I want to know how to find an upper bound of the following expectation taken for both $\varepsilon$ and $y$ as

$$\mathbb{E}\sup_{x \in D} \left|\sum_{k=1}^n t_k x^T y_k\right|,$$ where $D$ is the set of vectors defined by $$D = ( x \in \mathbb{R}^m \mid 0\leq x_i \leq 1, \forall 1\leq i\leq m ),$$

$\left(t_k\right)_{k=1}^n$ is the Rademacher sequence, that is, $t_1, \cdots, t_n$ are i.i.d. copies of a random variable $t$ taking values $\pm 1$ with $\mathbb{P}(t=1)=\mathbb{P}(t=-1)=1/2$, and $(y_k)$ are i.i.d. copies of a random vector $y \in \mathbb{R}^m$ taking values $e_1,\cdots,e_m$ with $\mathbb{P}(y = e_i)=p_i$. Here, $e_i$ denotes the vector from the standard basis with $i$-th component being 1 and the others being 0.

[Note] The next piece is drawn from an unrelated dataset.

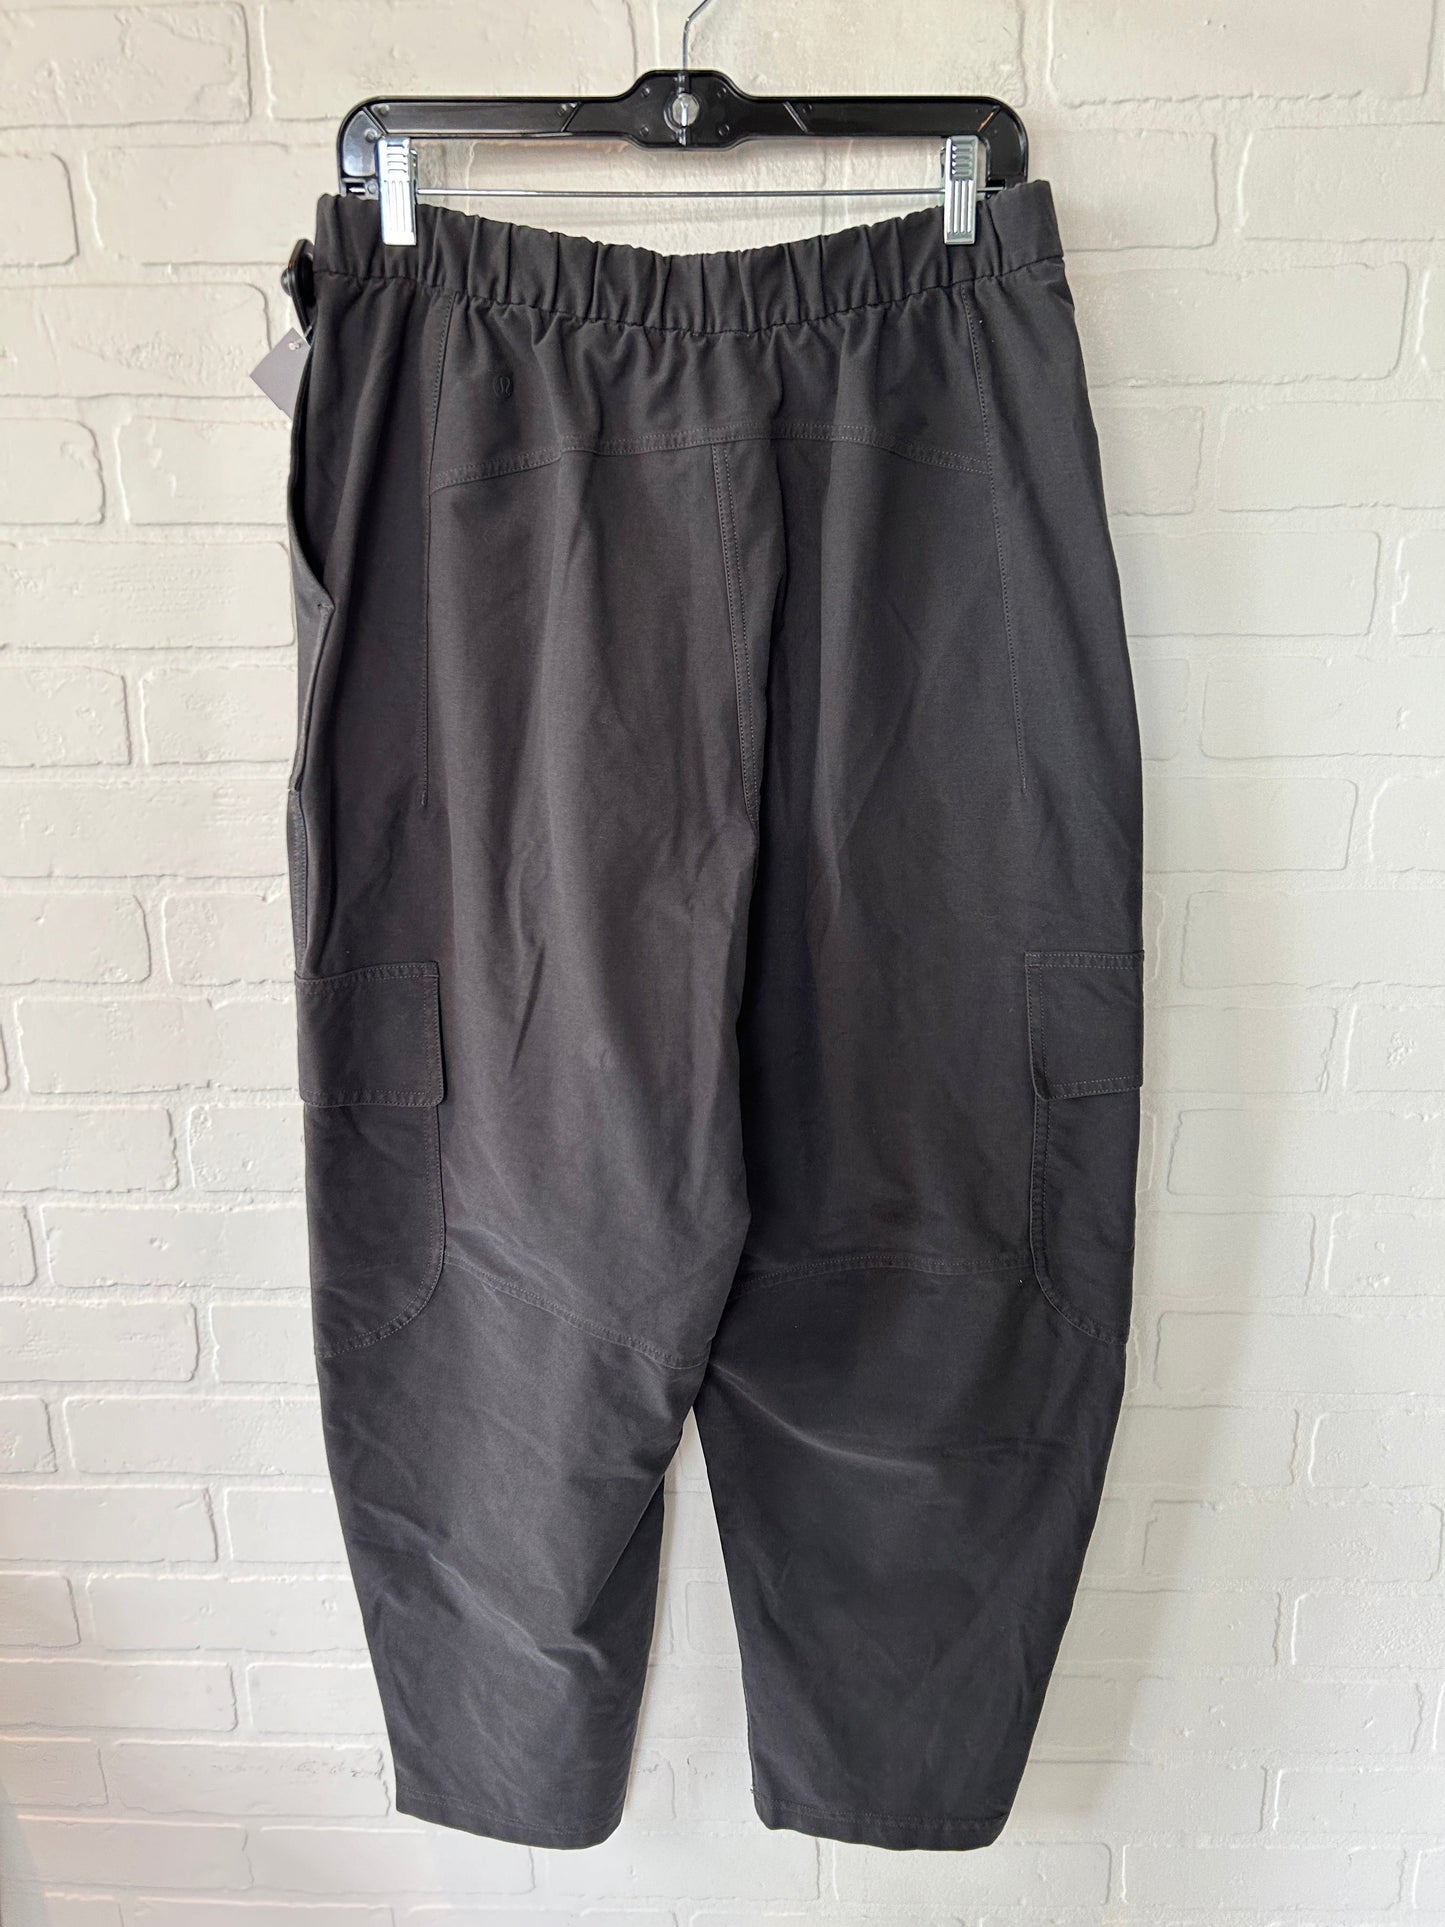 Grey Athletic Pants Lululemon, Size 12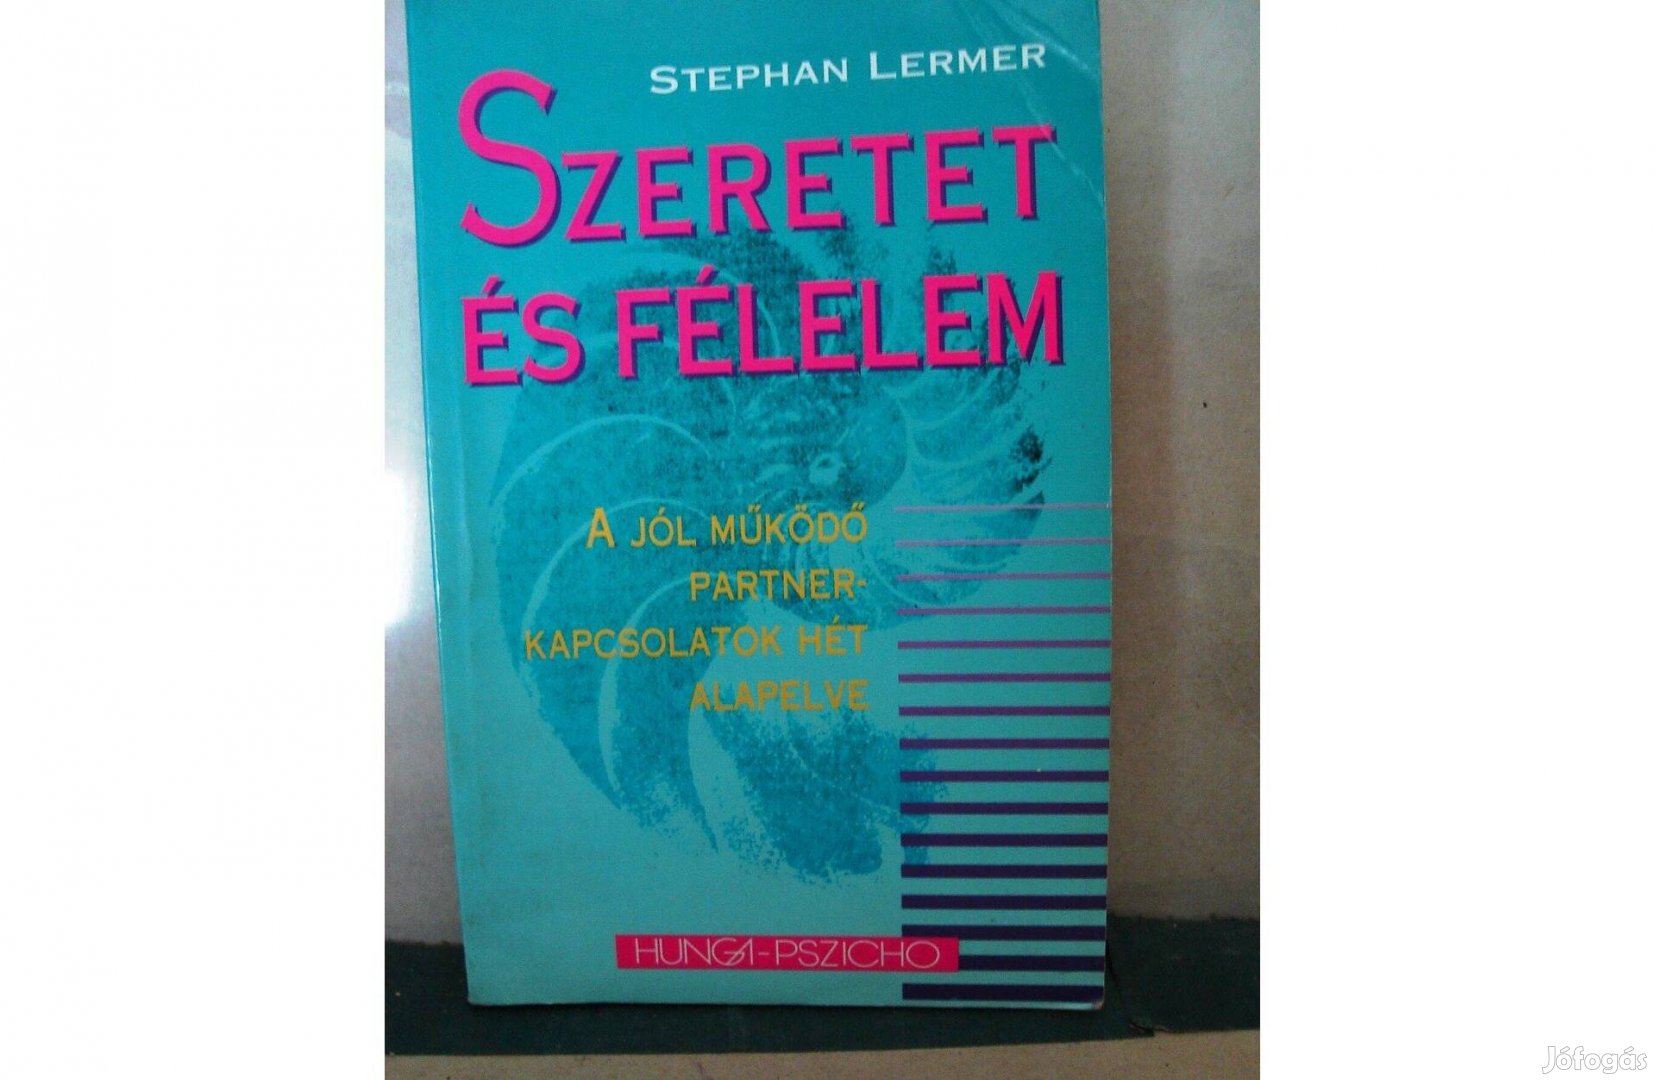 Stephan Lermer: Szeretet és félelem

I first get rid of the absolute value as \begin{align} & \mathbb{E}\sup_x \left|\sum t_k x^T y_k\right| \leq \mathbb{E}_y\left(\sqrt{\frac{\pi}{2}} \mathbb{E}_s \sup_x\left| \sum s_k x^T y_k\right|\right) \\\\ \leq & \sqrt{2\pi} \mathbb{E}_y\left(\mathbb{E}_s \sup_x\left(\sum s_k x^T y_k \right)\right) = \sqrt{2\pi} \mathbb{E} \sup_x\left(\sum s_k x^T y_k \right), \end{align} where $s_k$ are i.i.d copies of a standard normal random variable.

Then, how to continue? My guess is that the upper bound seems to be of order $O(\frac{1}{\sqrt{n}})$. Is that correct? Thanks!